Page 109 - DOS Kongressen 2012 - Abstracts

69.
Current fixation usage and registry outcomes in total hip arthroplasty:
The uncemented paradox
Anders Troelsen, Erik Malchau, Nanna Sillesen, Henrik Malchau
Clinical Orthopaedic Research Hvidovre Hvidovre University Hospital; Harris
Orthopaedic Laboratory, Massachusetts General Hospital, Boston; Harris
Orthopaedic Laboratory, Massachusetts General Hospital, Boston; Harris
Orthopaedic Laboratory, Massachusetts General Hospital, Boston
Background:
A high 86 % of total hip replacements (THR) performed in the
US are uncemented.
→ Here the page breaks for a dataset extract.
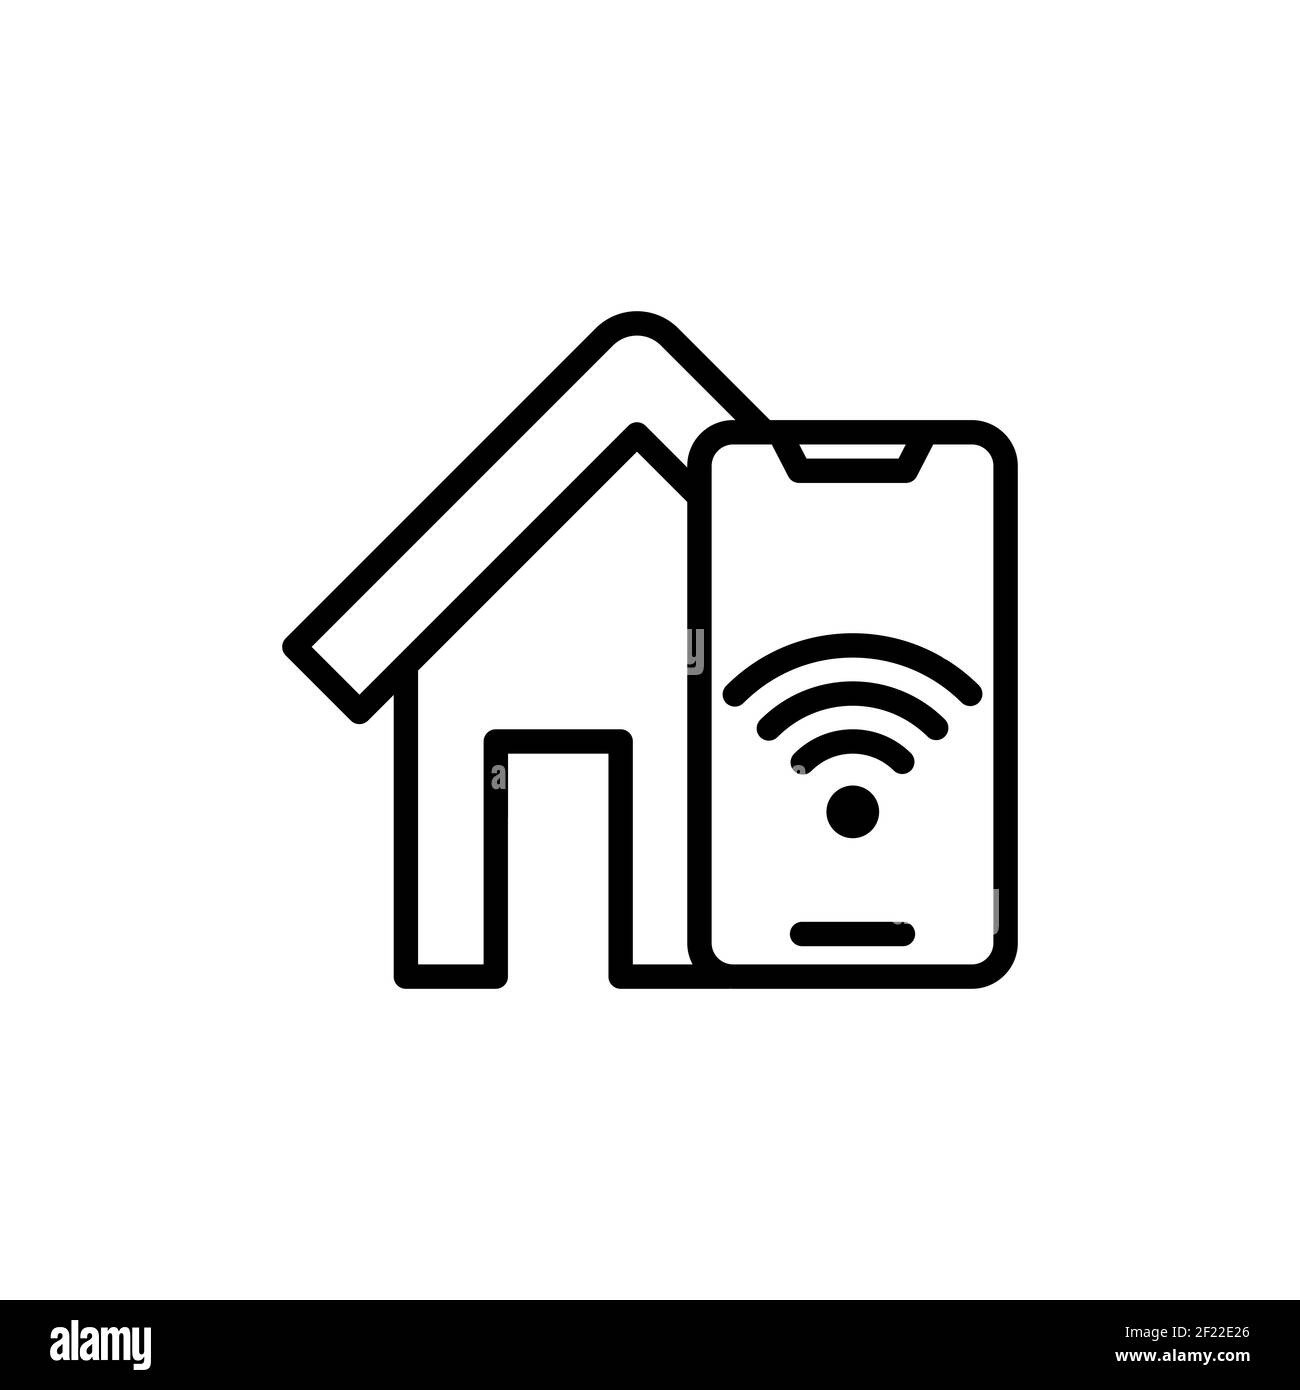 Smart Home Connection Icon Logo Vector design illustration. Smart home logo icon with wireless connection concept. Trendy Smart House vector icon flat Stock Vector
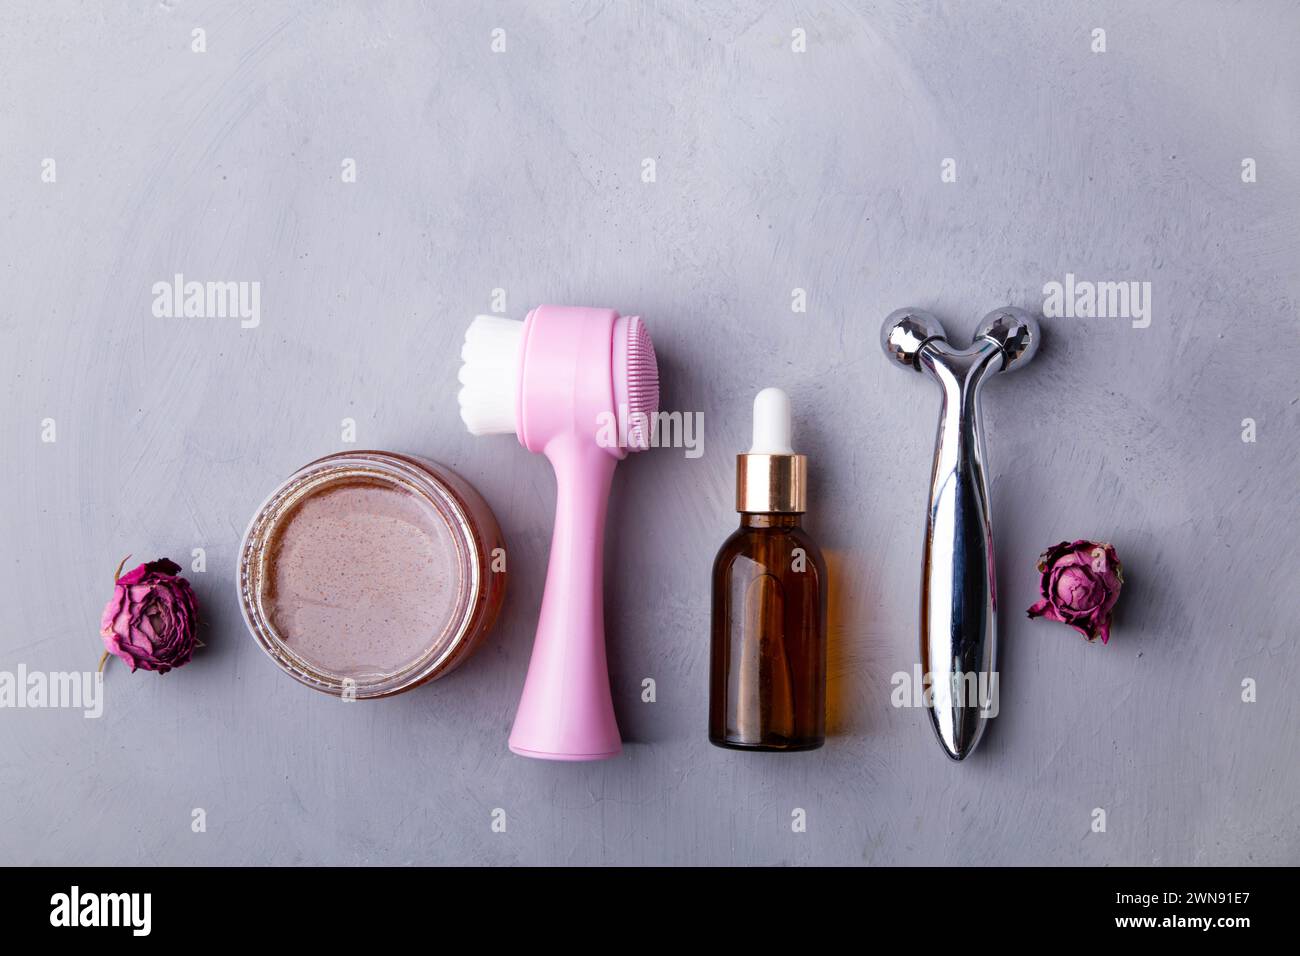 Feminine beauty products. Spa and self-care concept. Face brush, hyaluronic acid bottle, scrub, face massager. Stock Photo

This could be worrying for the future revision burden if
uncemented fixation is not associated with the lowest risk of revision
considering nationwide use of THR.
Purpose / Aim of Study:
To investigate trends for usage of uncemented
fixation and to analyze age stratified risk of revision comparing cemented,
hybrid, and uncemented fixation by inquiry to national hip arthroplasty
registries.
Materials and Methods:
Data were extracted from annual reports of national
hip arthroplasty registries if these were available in English or a Scandinavian
language and if the registry had a history of more than 5 years of data
collection.
Findings / Results:
Current usage of uncemented fixation varies between 15
%
in Sweden and 82 % in Canada for primary THR. From 2006 to 2010 the
registries of all countries reports overall increases in uncemented fixation
usage with Sweden reporting the least increase (10 % to 15 %) and Denmark
the greatest increase (47 % to 68 %). There is a clear pattern that risk of
revision is statistically significant lower using cemented compared with
uncemented fixation for the oldest age group (>75 years).
Conclusions:
Increasing use of uncemented fixation in THR is a worldwide
phenomenon. This trend is paradox to data from registries, representing
nationwide THR outcomes, suggesting that use of cemented fixation in
patients above 75 years provides the lowest risk of revision.